### WHAT TO WORK ON
Please make an exact copy of the listing, without the pictures.

### DATASET SECTION
....

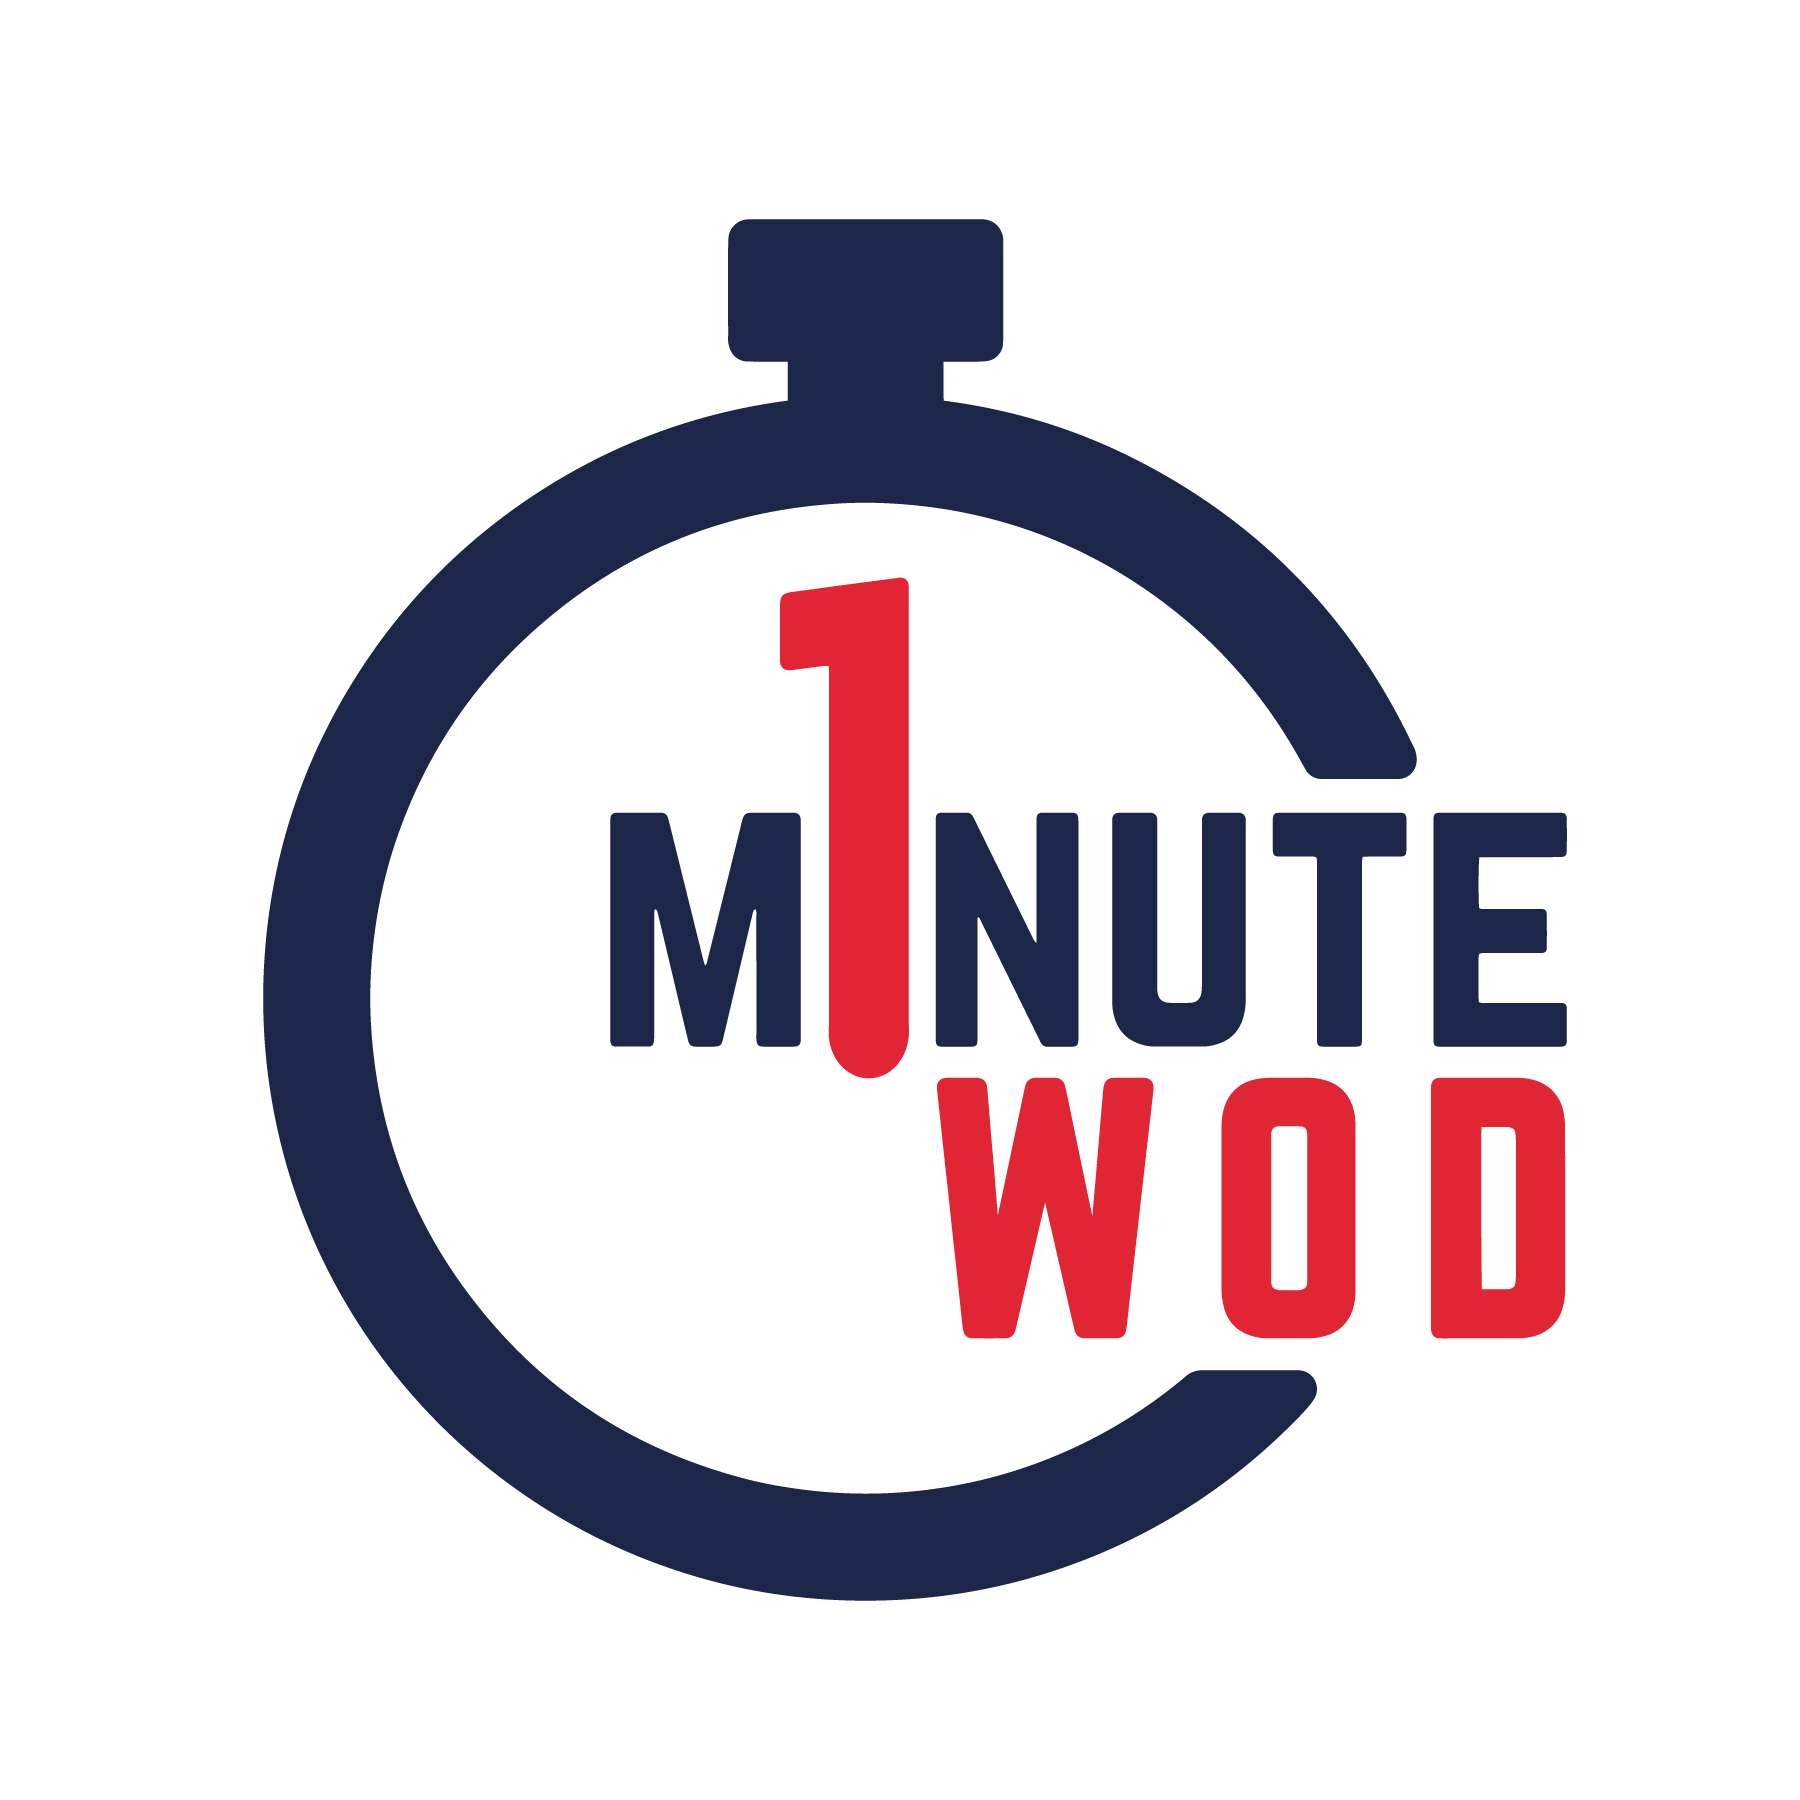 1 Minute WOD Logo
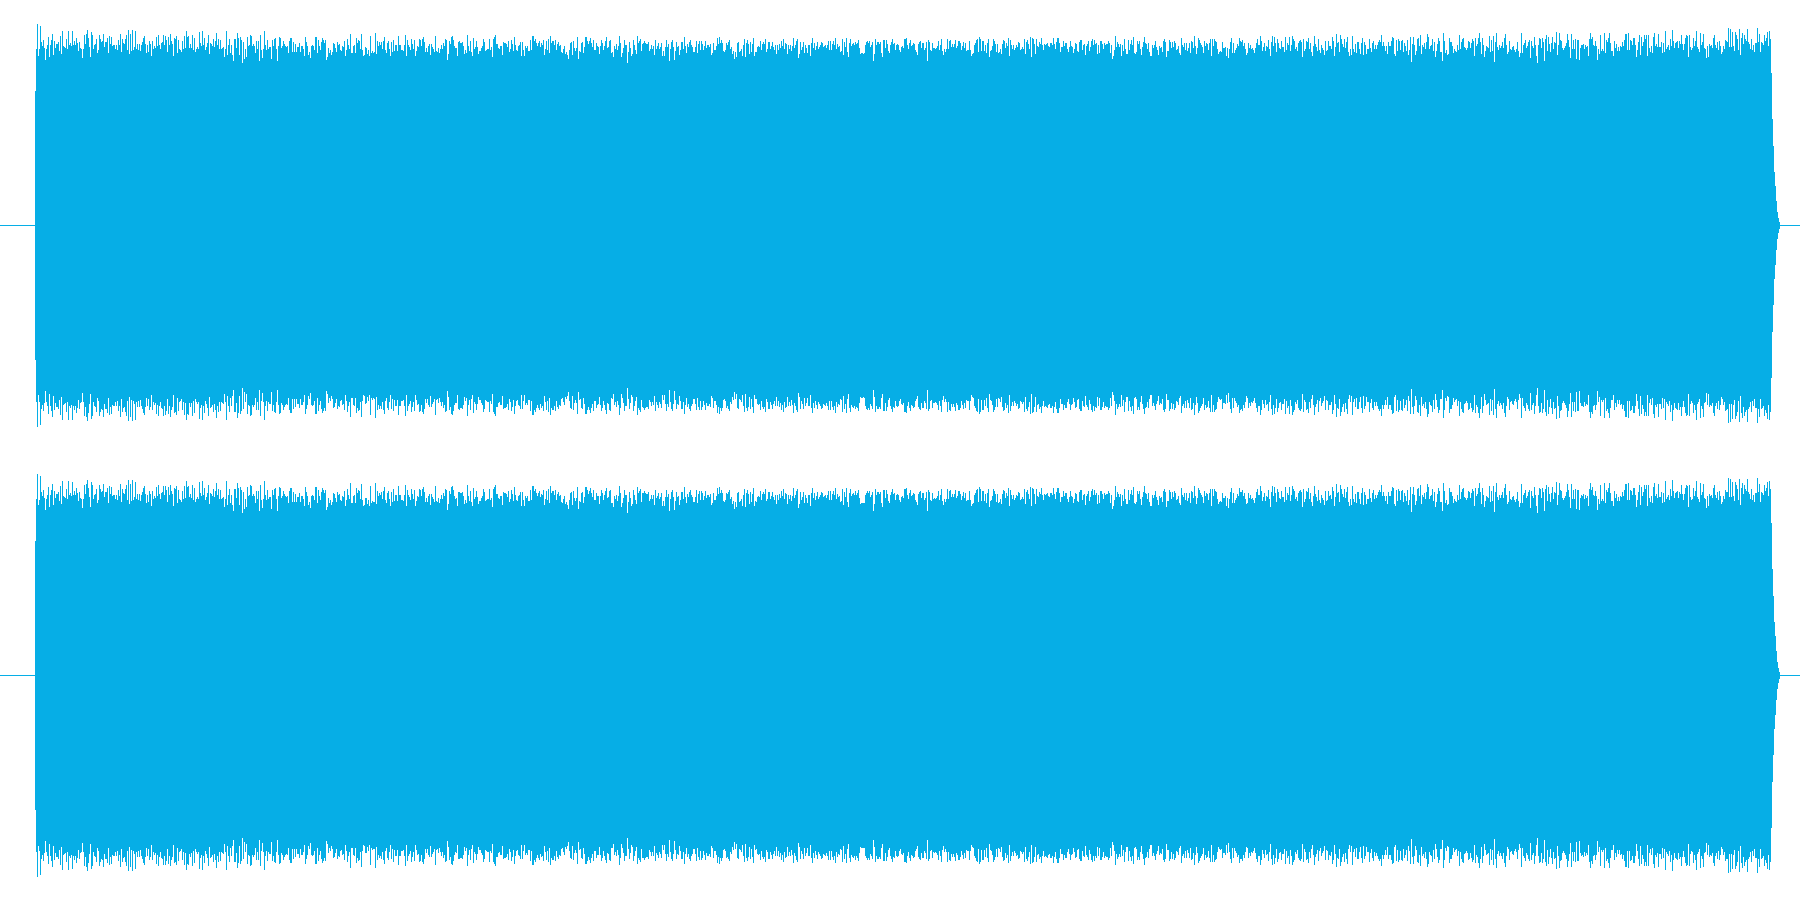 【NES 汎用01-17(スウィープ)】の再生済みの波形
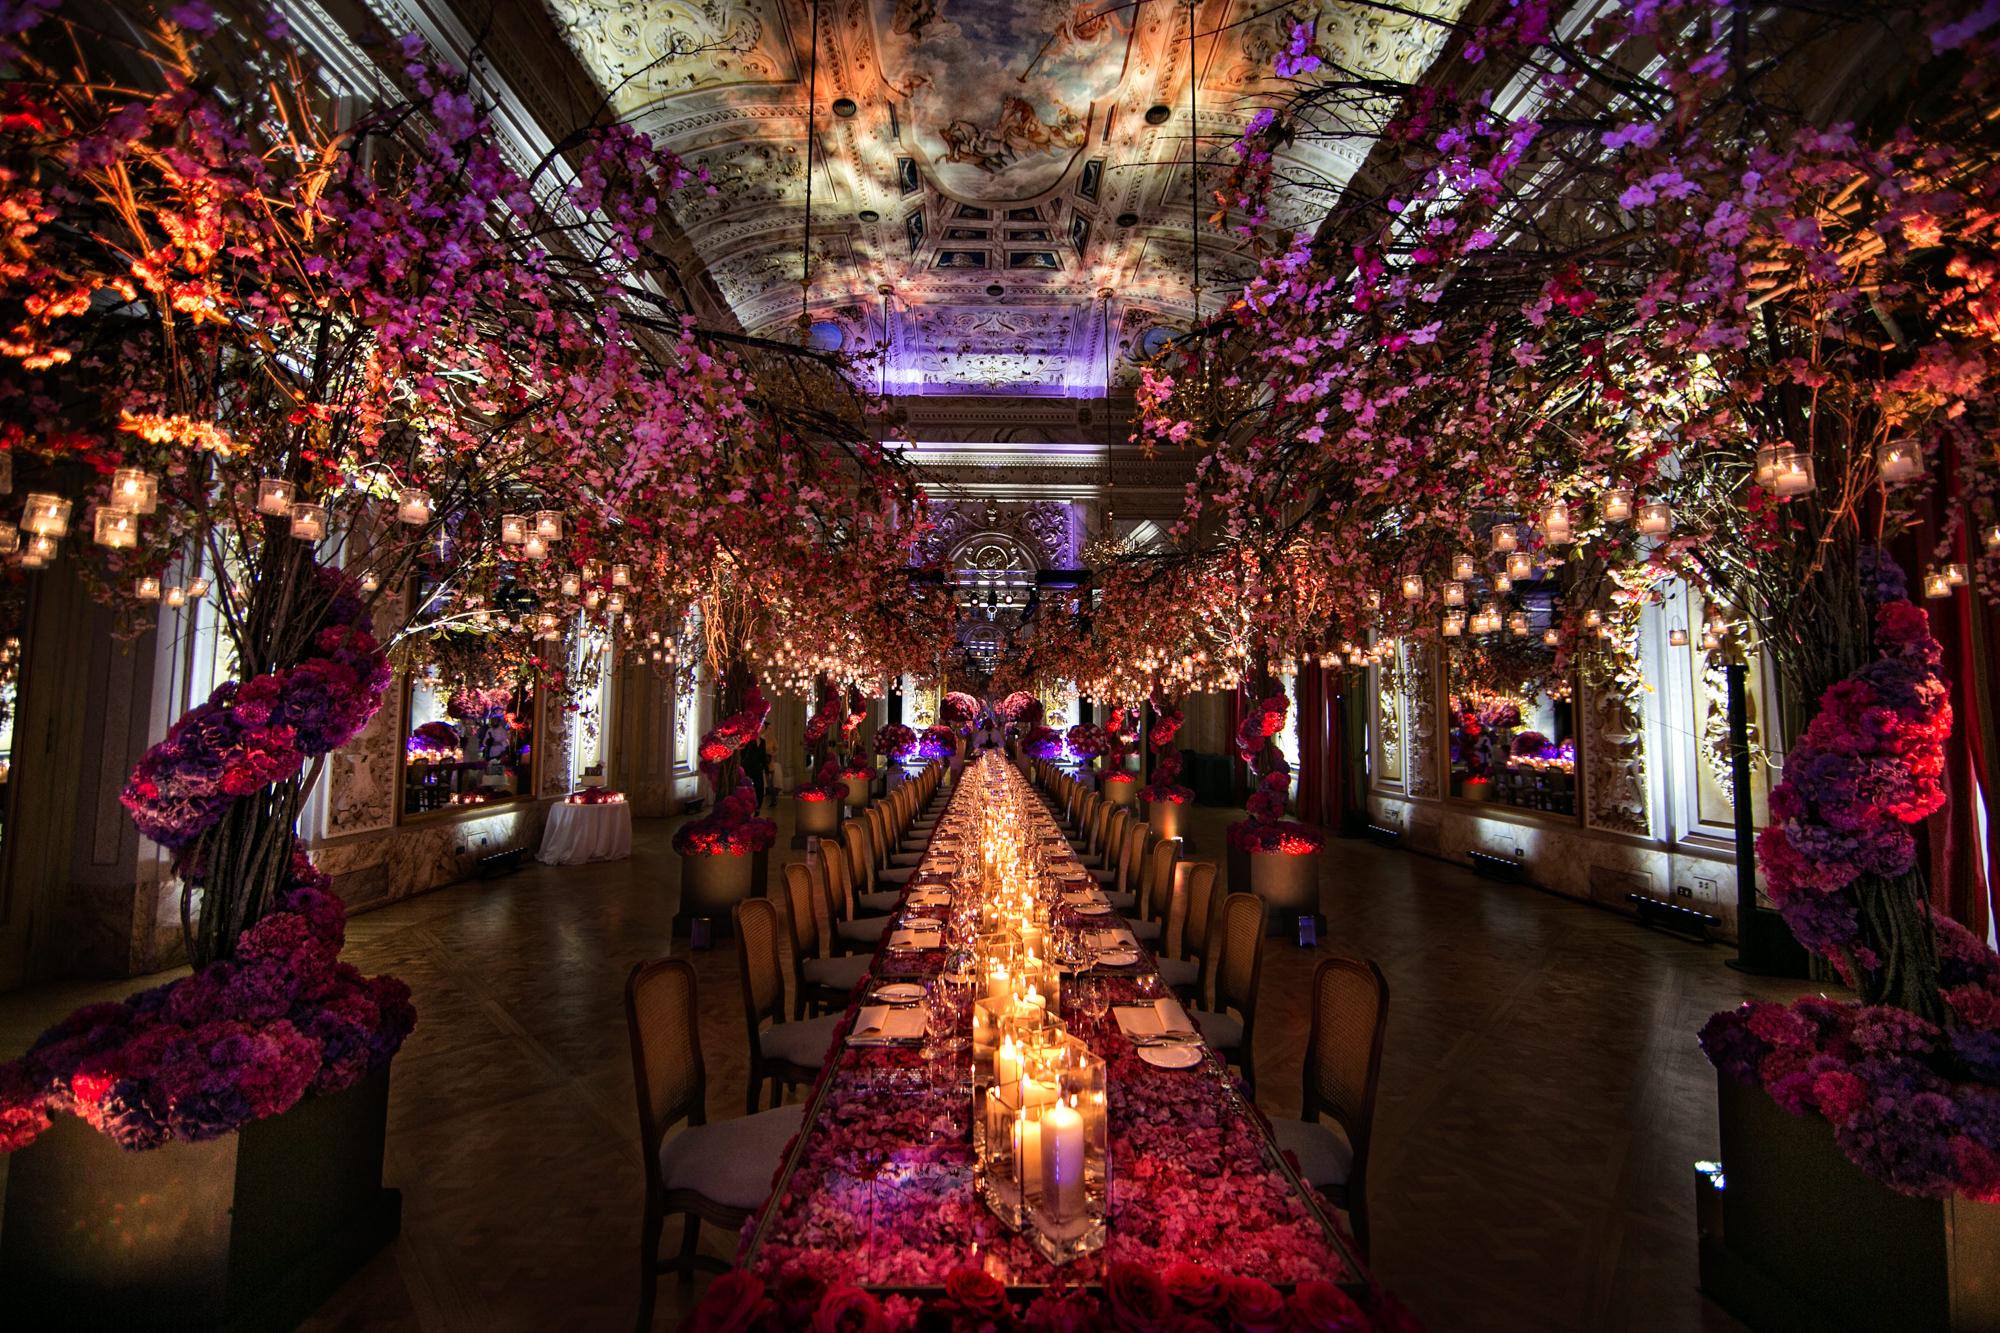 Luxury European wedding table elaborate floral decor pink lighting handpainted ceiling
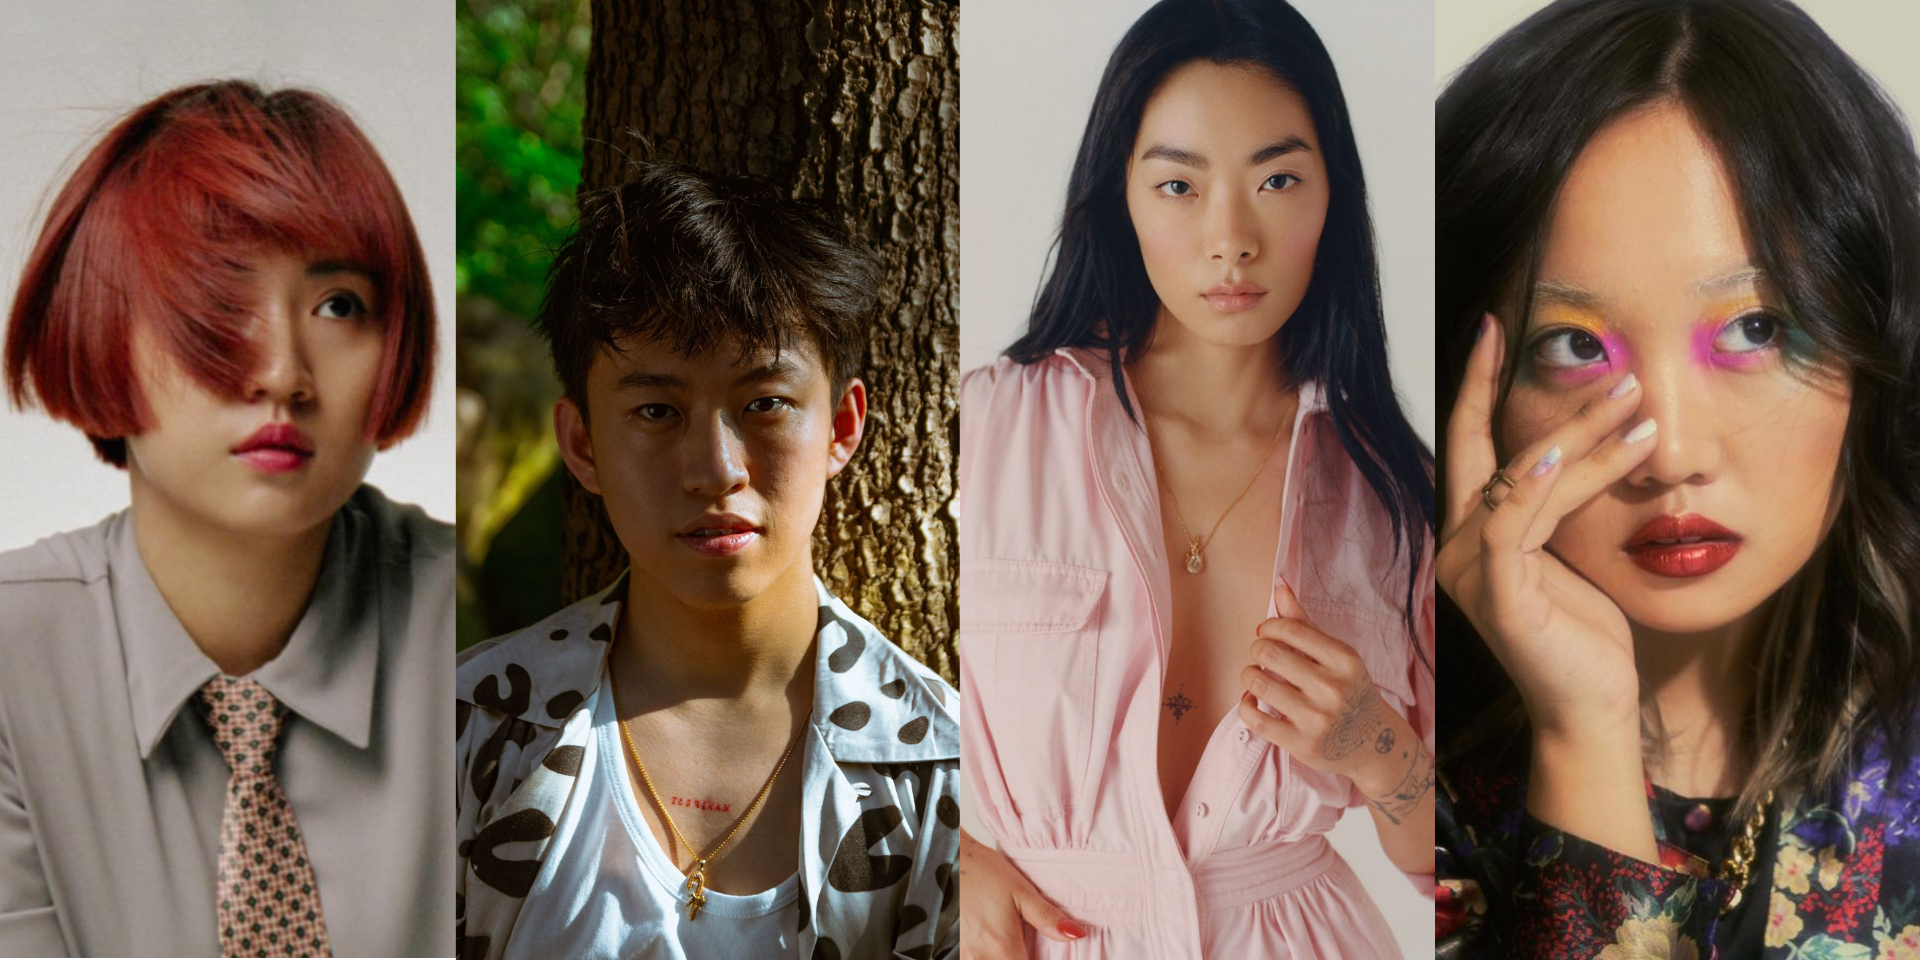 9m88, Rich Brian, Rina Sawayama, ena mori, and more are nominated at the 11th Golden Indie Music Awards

....

### ANSWER BELOW
 1 Minute WOD Logo
 【NES 汎用01-17(スウィープ)】の再生済みの波形
 Luxury European wedding table elaborate floral decor pink lighting handpainted ceiling
 9m88, Rich Brian, Rina Sawayama, ena mori, and more are nominated at the 11th Golden Indie Music Awards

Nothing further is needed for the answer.